##### MATERIALS PROVIDED
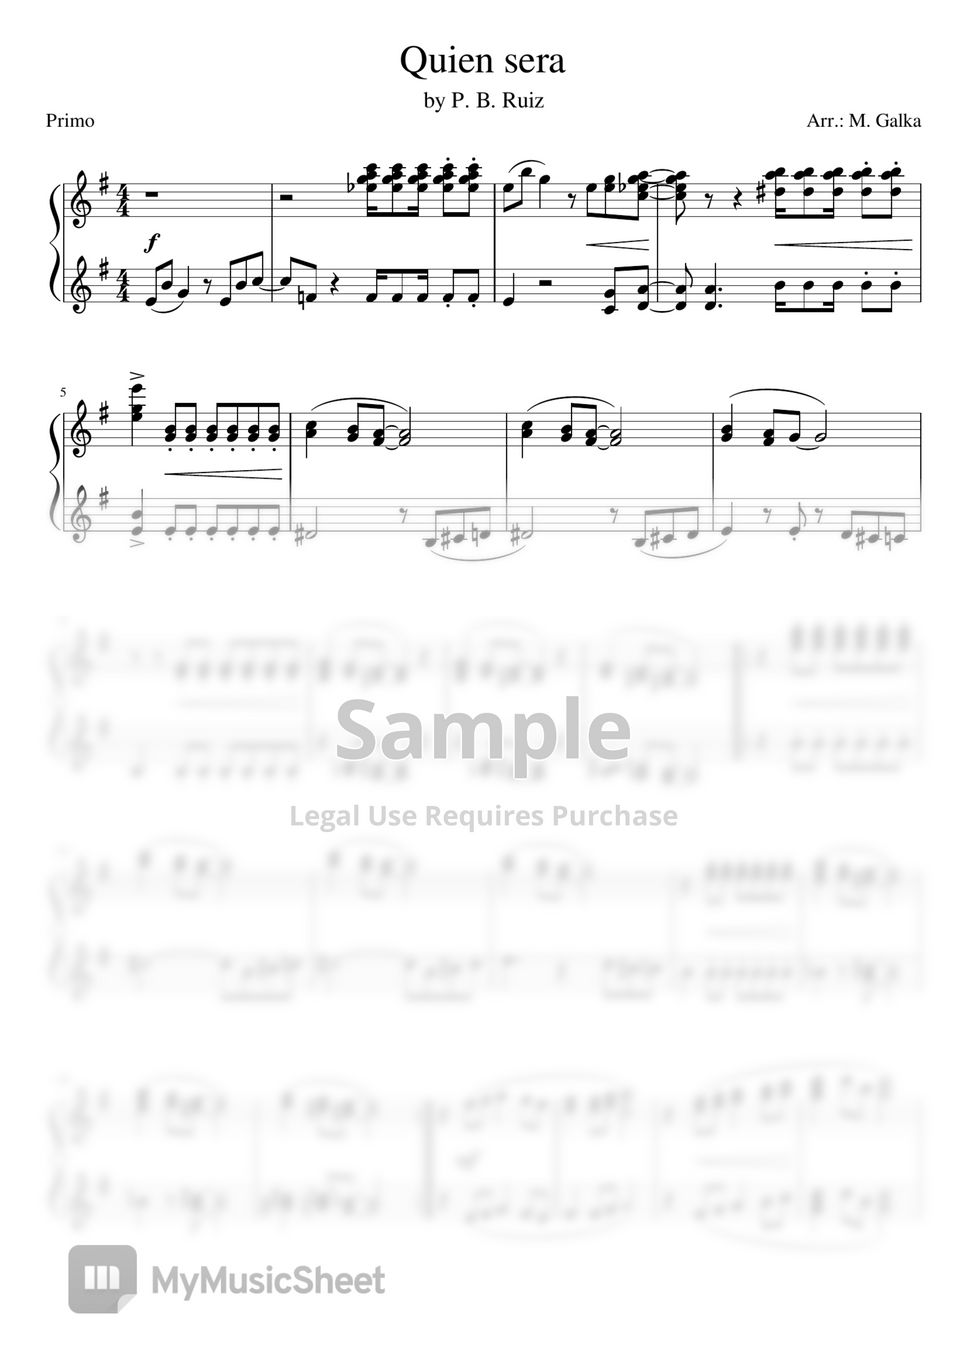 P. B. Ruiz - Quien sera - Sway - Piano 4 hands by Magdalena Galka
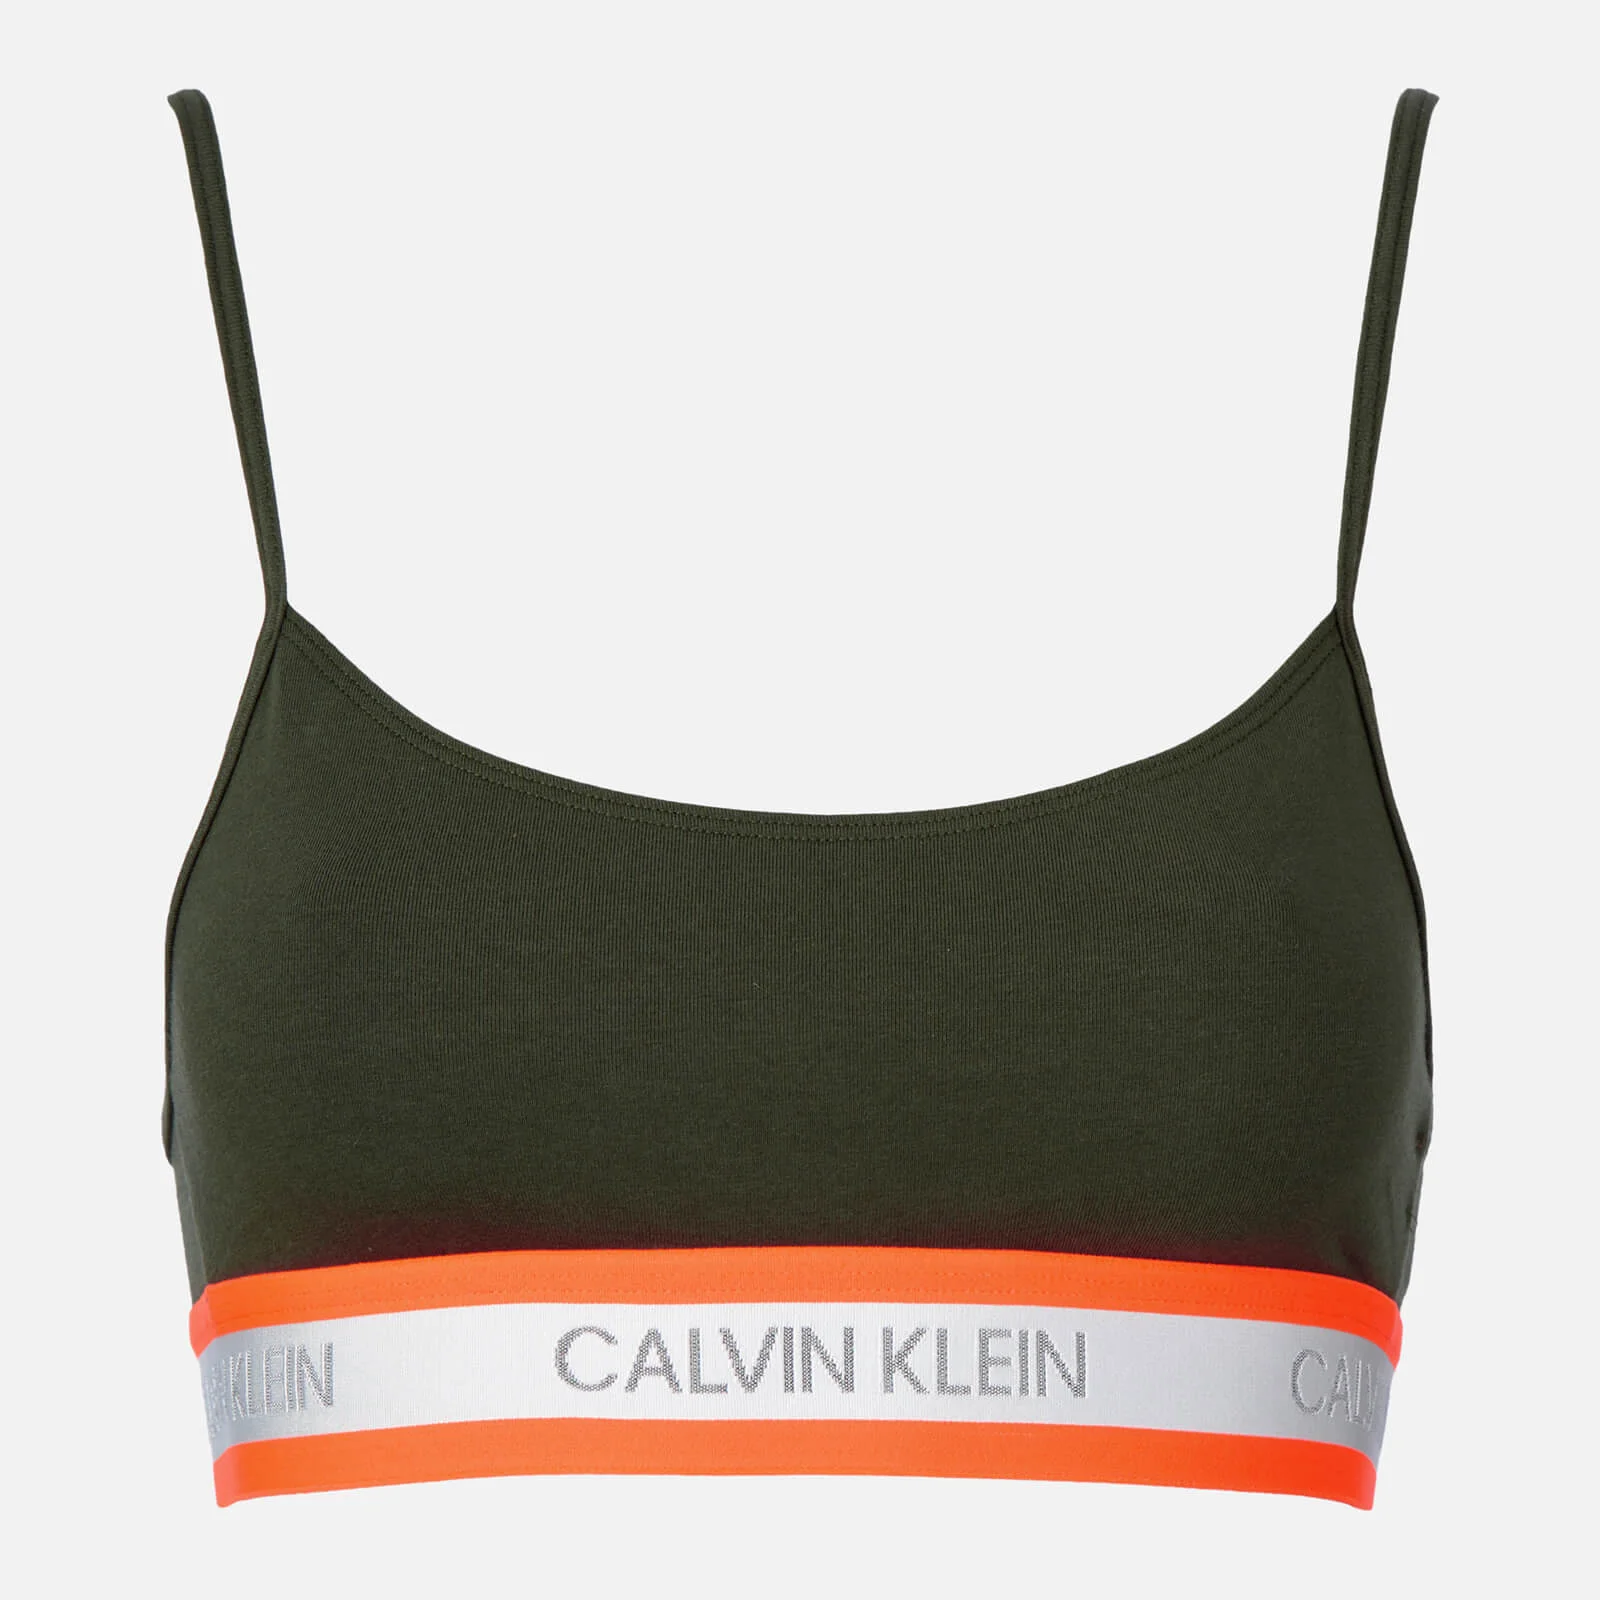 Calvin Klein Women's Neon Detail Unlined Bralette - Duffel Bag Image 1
##########
##### MATERIALS PROVIDED
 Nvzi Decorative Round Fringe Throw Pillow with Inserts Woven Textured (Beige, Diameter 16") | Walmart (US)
##########
:: EXERCISE PROMPT ::
Pictures are to be left out. Write out only the lines above starting at the one with "P. B. Ruiz - Quien" and ending at the one with "Calvin Klein Women's", both lines included, exactly.

:: WRITTEN ANSWER ::
 P. B. Ruiz - Quien sera - Sway - Piano 4 hands by Magdalena Galka
 Calvin Klein Women's Neon Detail Unlined Bralette - Duffel Bag Image 1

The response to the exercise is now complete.